The vision for Europe’s “second chance” on tech relies on leveraging vast troves of data produced by industrial giants like Volkswagen, Engie or Nokia — and making better use of it than competitors in the United States or China.

“One of the reasons why we don’t have a Facebook and we don’t have a Tencent is that we never gave European businesses a full single market where they could scale up,” Vestager told reporters ahead of the publication of the European Commission’s white paper on artificial intelligence and a new data strategy on February 19.

“Now when we have a second go, the least we can do is to make sure that you have a real single market,” she added.

As POLITICO first reported on January 29, the EU’s executive arm wants to create a single market for data. The strategy relies on the notion of “data spaces” — or infrastructure for large pools of data that can be shared between sectors and companies, and improves access to European cloud providers.

To develop its vision of industrial data pools, the Commission is eyeing an investment of up to €6 billion that would be raised together with member countries and industry, according to a recent draft of the data strategy, obtained by POLITICO.

“If this is to be successful then we should not put our business-to-business AI in the same position as our business-to-consumer technology, having no single market,” Vestager said.

Europe wants to become the go-to place for high-quality data for artificial intelligence.

The need for a data strategy comes from the fact that “we are what we eat” when it comes to the data that feeds artificial intelligence, Vestager said. “If you eat crappy stuff, you’re not likely to be a fit-for-purpose algorithm,” she said.

Ensuring that the data feeding artificial intelligence applications is up to par and shared freely will allow Europe to develop the kind of technology that will help it take on America and China.

But the package that will be unveiled on Wednesday will only be part of a larger puzzle in Europe’s quest to create prosperity through digitalization, Vestager said.

The Danish politician, who also has oversight of the bloc’s competition enforcement, emphasized that innovation must not come at the expense of European values and must benefit its citizens and democracies.

Calls for European “technological sovereignty” have raised alarm bells among industrial players and free-trading countries, which fear that political control over competition decisions would lead to picking winners and protectionism.

But Vestager said the Commission’s strategy was not about closing out rivals.

“It has been very important for us to make sure that this is about us and not about other people — that being sovereign means that you can do stuff.

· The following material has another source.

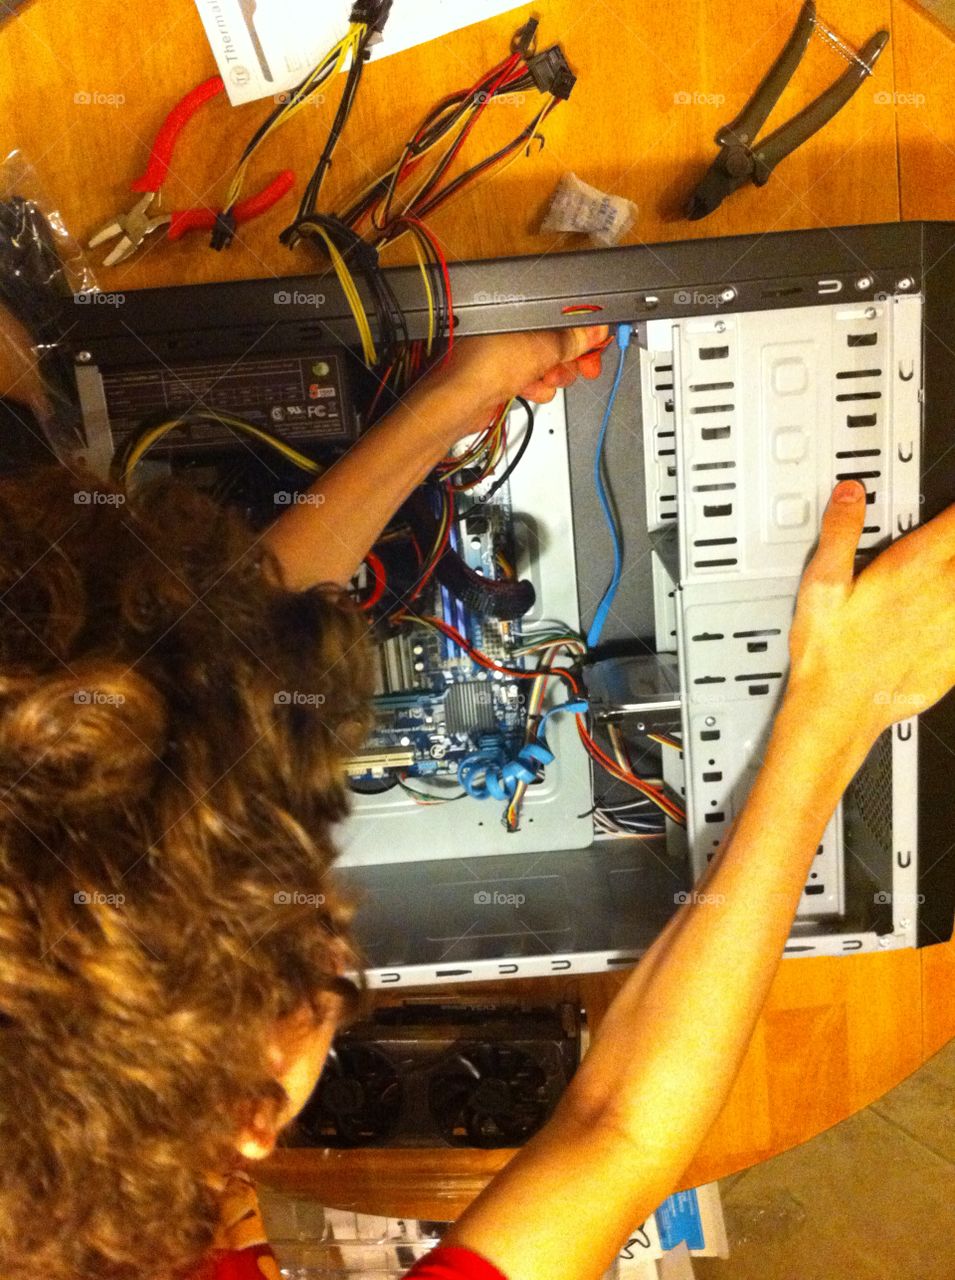 A 14 year old boy builds his first PC on his own.

That you can actually do your research, you can develop things, you can make it, you can deploy it,” she said.

In order to succeed, however, Europe would have to change its image from that of a “regulatory superpower” — adept at writing rules for technologies created by other countries — to that of an innovation powerhouse.

“We have this sort of self-assessment that we are a regulatory superpower,” she added. “You can regulate things that you know about, [but it’s] very difficult to regulate things that you do not know about. And if you want to have a say in things that we consider risky — well then you should be able also to do it yourself.”